Introduction

Surfactants, whose amphiphilic structures enable the stabilization of emulsions with two immiscible phases, are widely applied in many processes such as cleaning [1], viscous oil transportation [2], and enhancing oil recovery [3]. Excellent stabilization is required in these processes, usually followed by a subsequent emulsion-destabilization step to effectively recover the two immiscible phases. However, this remains a challenging task for most commonly used surfactants. To tackle this problem, it is necessary for the surfactants that can be “switched on and off” to reversibly stabilize/destabilize the emulsion under certain trigger conditions. The switchable surfactants reported in the literature can undergo reversible interconversions from surface-active to surface-inactive forms upon command, and their switchability can usually be triggered by altering the external conditions, such as pH [4], electrochemical redox [5], magnetic-field intensity [6], or light source (UV or visible light) [7]. Compared with these triggers, CO2 is environmentally benign, inexpensive, and renewable, and more important, it does not accumulate in a system after repeated cycles. Therefore, it has been identified as an innovative and ideal “trigger” for stimuli-responsive surfactants and has recently been studied for use in reversible solvents [8,9,10], switchable Pickering emulsions [11, 12], and repeatable polymer-based materials [13, 14], particularly for application in enhanced oil recovery [15, 16].

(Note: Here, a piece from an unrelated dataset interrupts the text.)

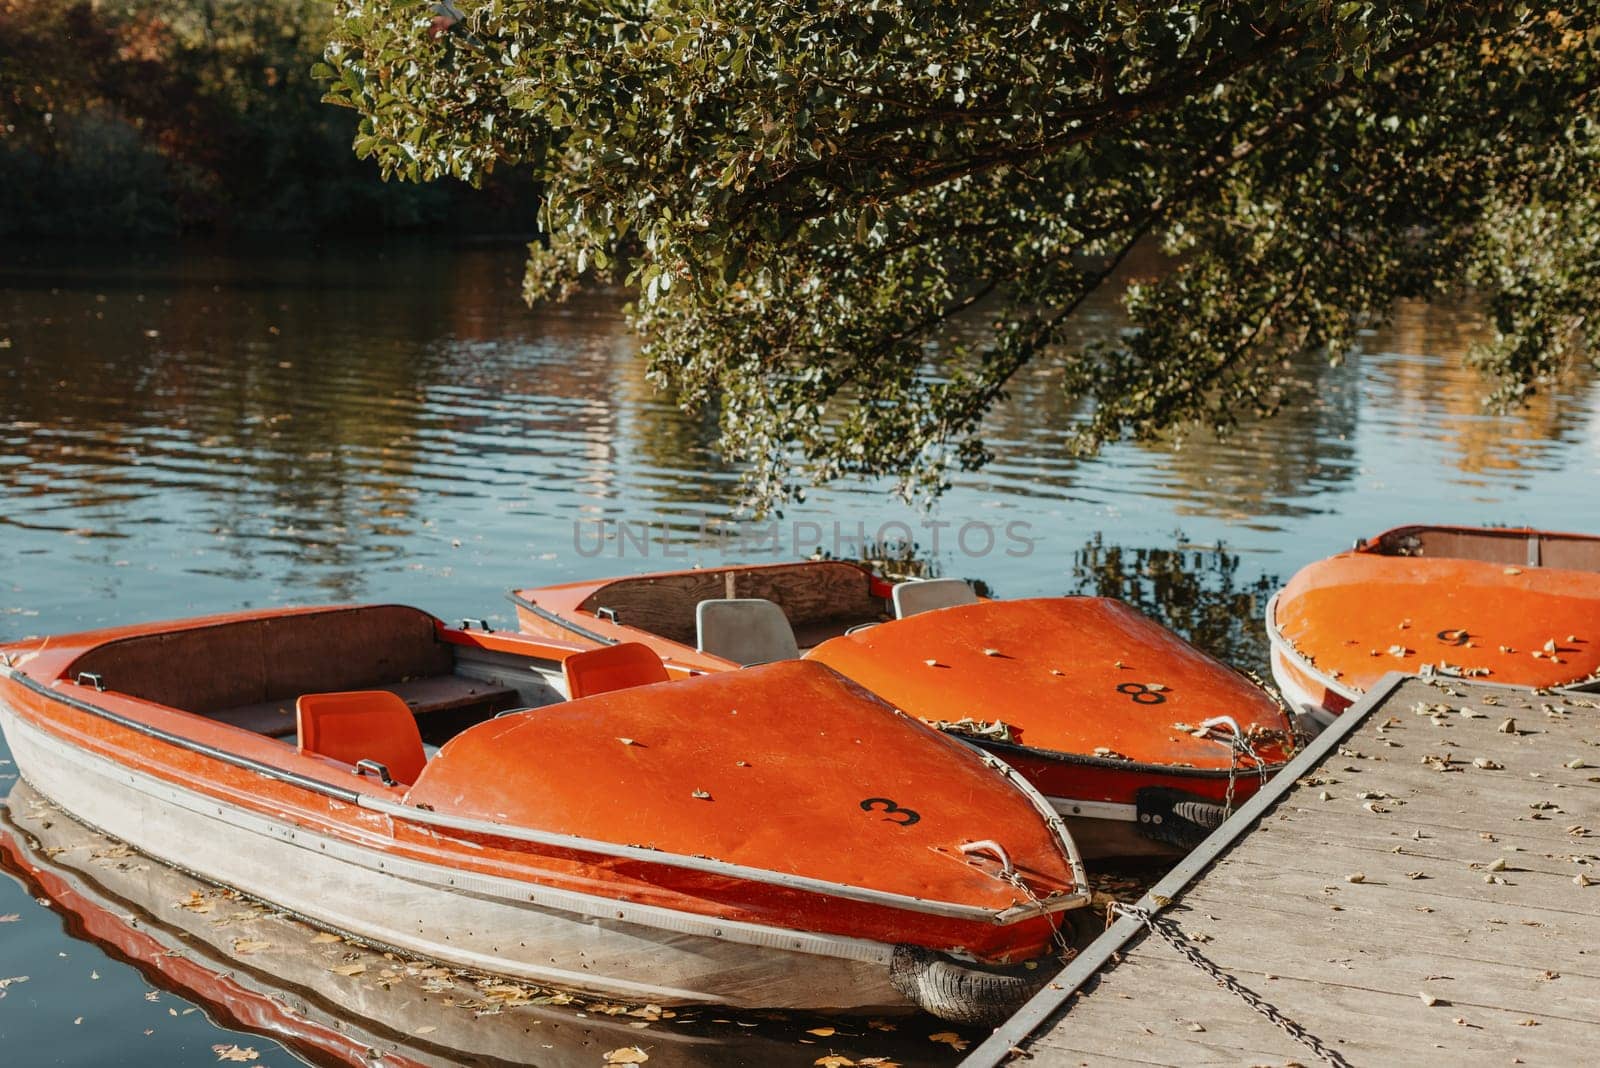 Several boats with oars are moored at the water's edge at the pier in the city park for water walks on the river, lake or pond.

Thus far, the majority of CO2/N2 reversible surfactants include guanidines, imidazoles, tertiary amines, and amidines. In their inactive forms, these surfactants can be protonated to form charged bicarbonates that become active upon the addition of CO2 in aqueous media, increasing their solubility in water. The bicarbonate ions can then be deprotonated by bubbling with N2 or air [17]. However, these common CO2/N2 reversible surfactants have some inherent drawbacks that hinder their wide application. The headgroup of imidazole surfactants limits their triggering efficiency due to their hydrolysis in aqueous media [18]. Surfactants containing a hydrophilic headgroup of guanidine are generally basic and require more rigorous conditions to achieve deprotonation (such as high temperature, long reaction time, or heavy flow rate of bubbling gas) [19]. With respect to tertiary amines, their basicity is so weak that stable emulsions can hardly be formed [20]. As such, compounds containing an amidine head [21, 22] are attracting more attention due to their mild basicity and superior stability. In addition, the exceptional demulsifying ability of amidines in their neutral form is an unexpected advantage. Scheme 1 illustrates the protonation and deprotonation processes of amidines stimulated by CO2 and N2 (or air), respectively, in aqueous media, where R represents a long-chain alkyl or ethoxylated groups. Amidine surfactants can easily and reversibly transform into bicarbonate salts.

Scheme 1
scheme 1

Protonation and deprotonation processes of amidines and bicarbonate salts

Amidines can be synthesized using various strategies, such as the nucleophilic addition of amines to nitriles [23], reaction of catalytic three-component coupling [24], displacement reaction of imidates with amines [25, 26], and the Scoggins procedure [27, 28]. Of these synthetic methods, the Scoggins procedure involving primary amines and N,N-dimethylacetamide dimethyl acetal can synthesize long-chain aliphatic amidines and aromatic amidines with a high yield of 90% accompanied by the formation of a small amount of imidates as a by-product [27, 28]. This is particularly attractive since an encouraging acetamidines yield of 99% was achieved by Jessop et al. [21] when they added an excess amount of dimethylamine to the reaction system. However, the types of amidines used in this synthesis method have been fairly limited thus far, due to the limitation of commercially available reactants. The structure of amidines generated by this method differed from those in the hydrophobic tail group, which are mainly long-chain alkyl or ethoxylated groups, or both [16, 21], and the hydrophilic head is bonded only with the dimethyl group.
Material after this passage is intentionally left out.